* **Supplied data**:

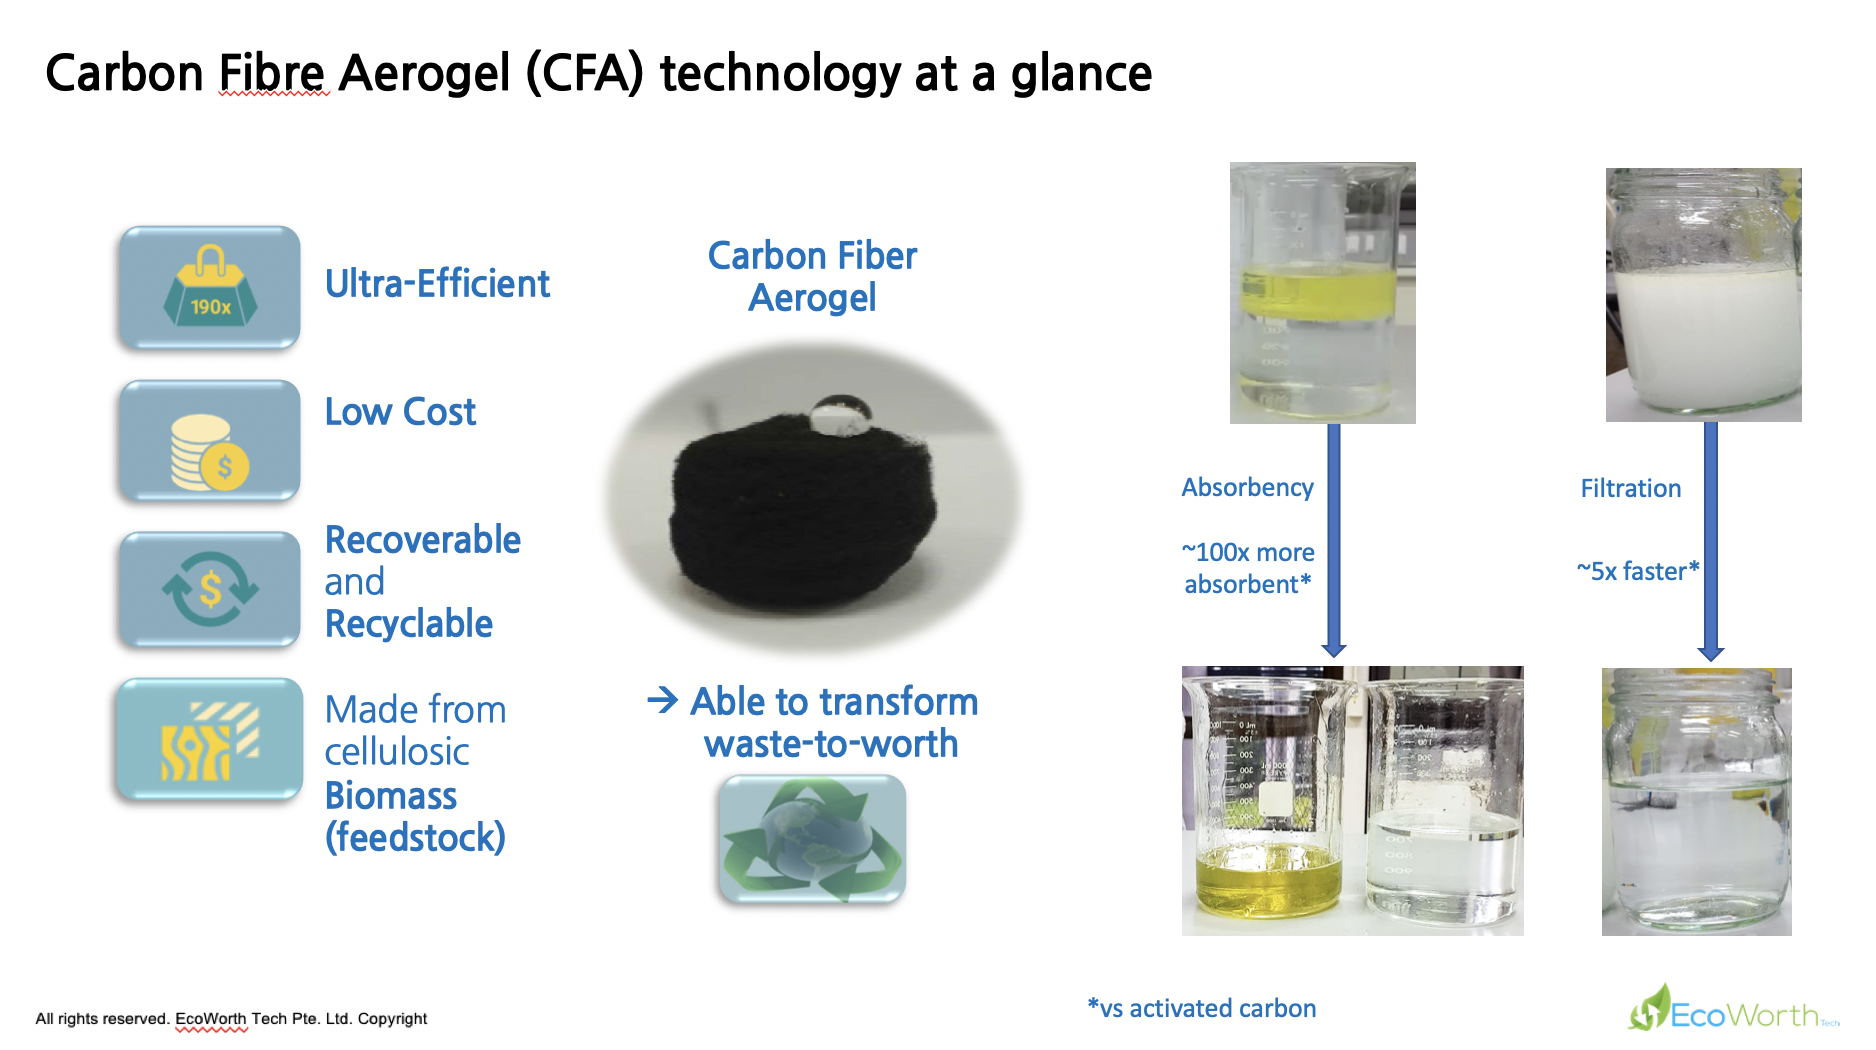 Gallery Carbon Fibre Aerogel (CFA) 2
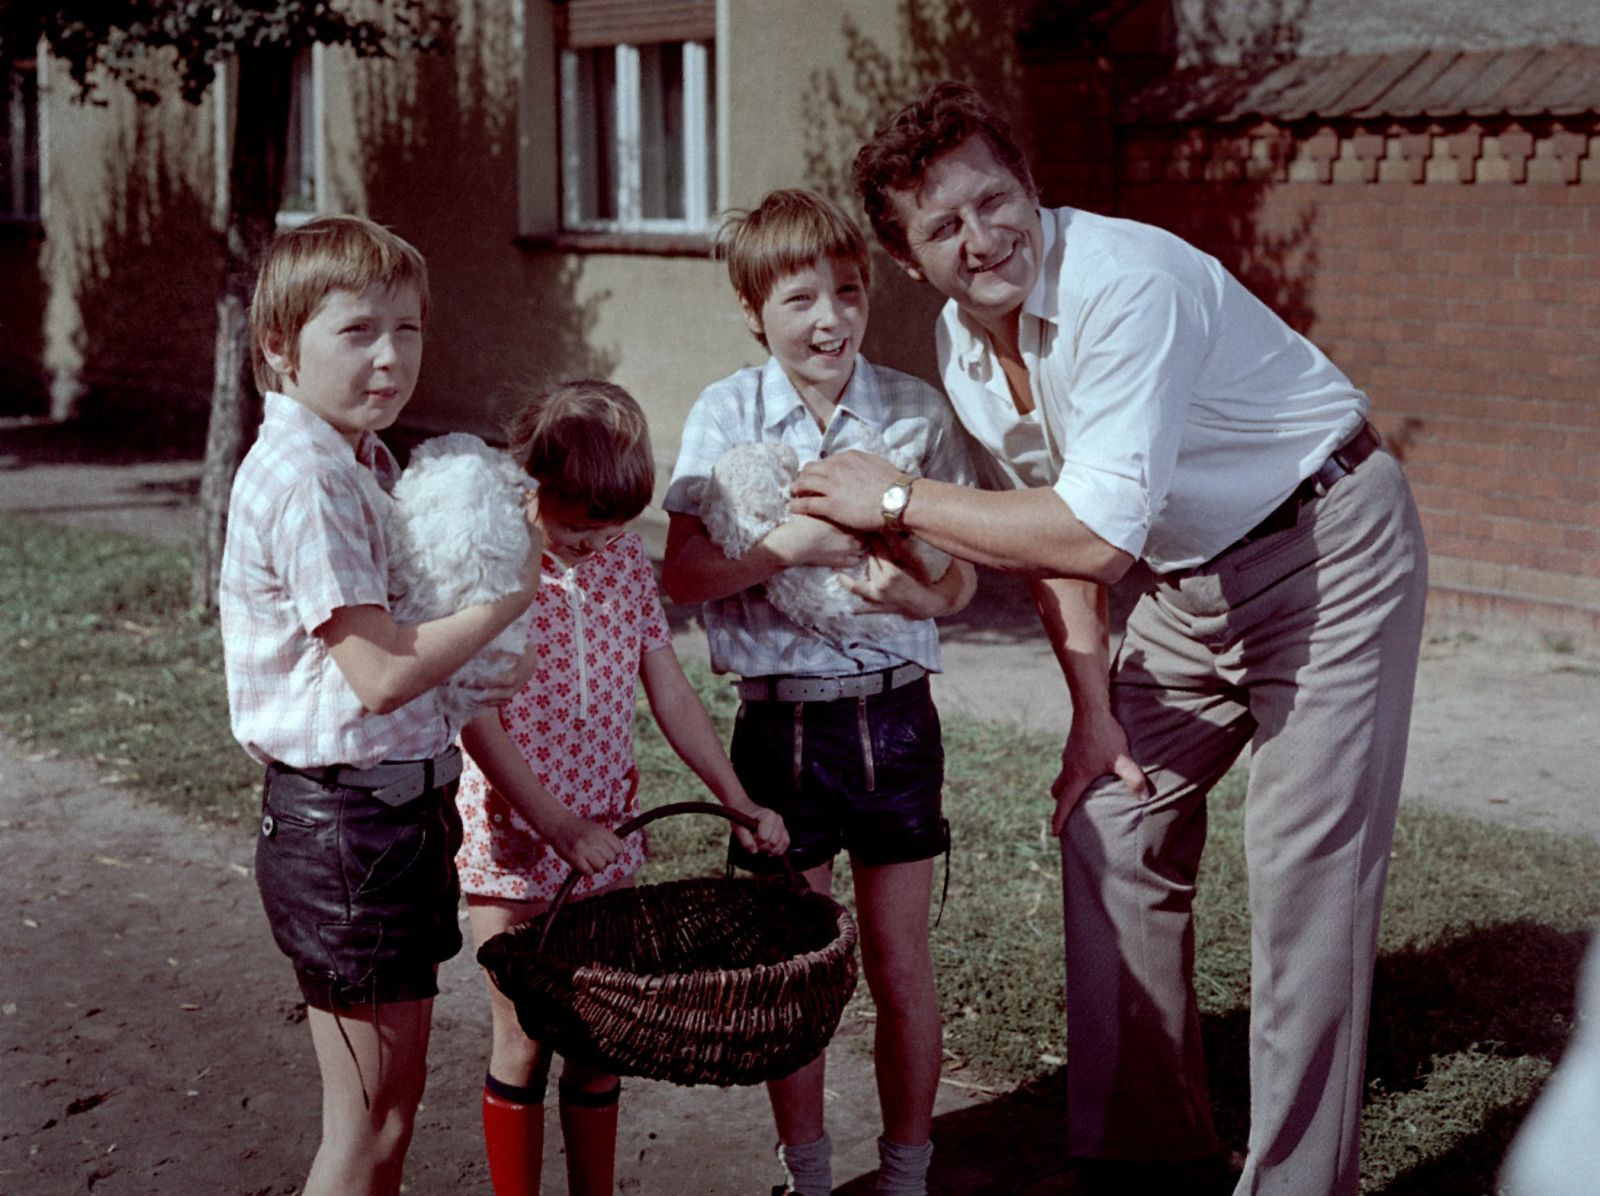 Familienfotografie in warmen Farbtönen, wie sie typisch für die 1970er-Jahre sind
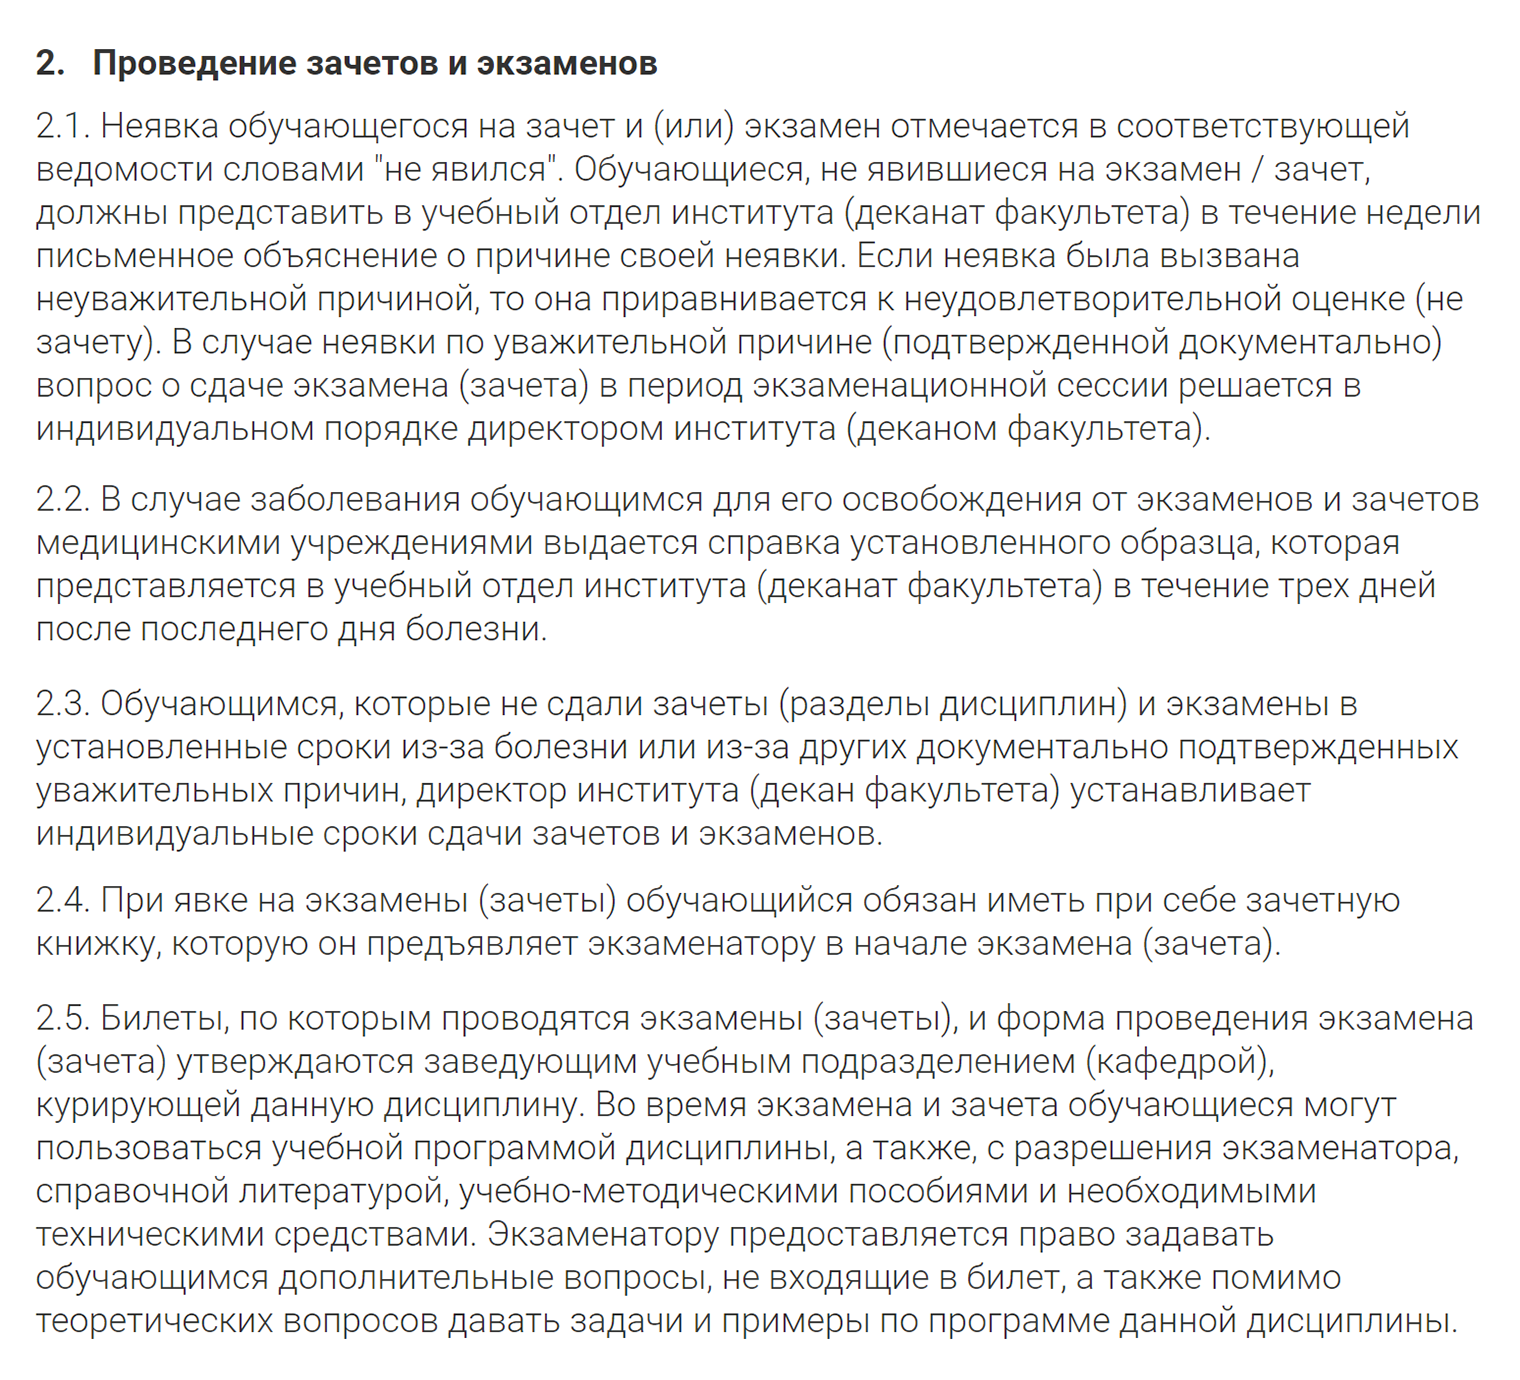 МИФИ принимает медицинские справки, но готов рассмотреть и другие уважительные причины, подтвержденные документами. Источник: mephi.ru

* **Task requirements**: Every line of the listing must be reproduced exactly, though the pictures are to be left out.

* **Answer space**:
 Gallery Carbon Fibre Aerogel (CFA) 2
 Familienfotografie in warmen Farbtönen, wie sie typisch für die 1970er-Jahre sind
 МИФИ принимает медицинские справки, но готов рассмотреть и другие уважительные причины, подтвержденные документами. Источник: mephi.ru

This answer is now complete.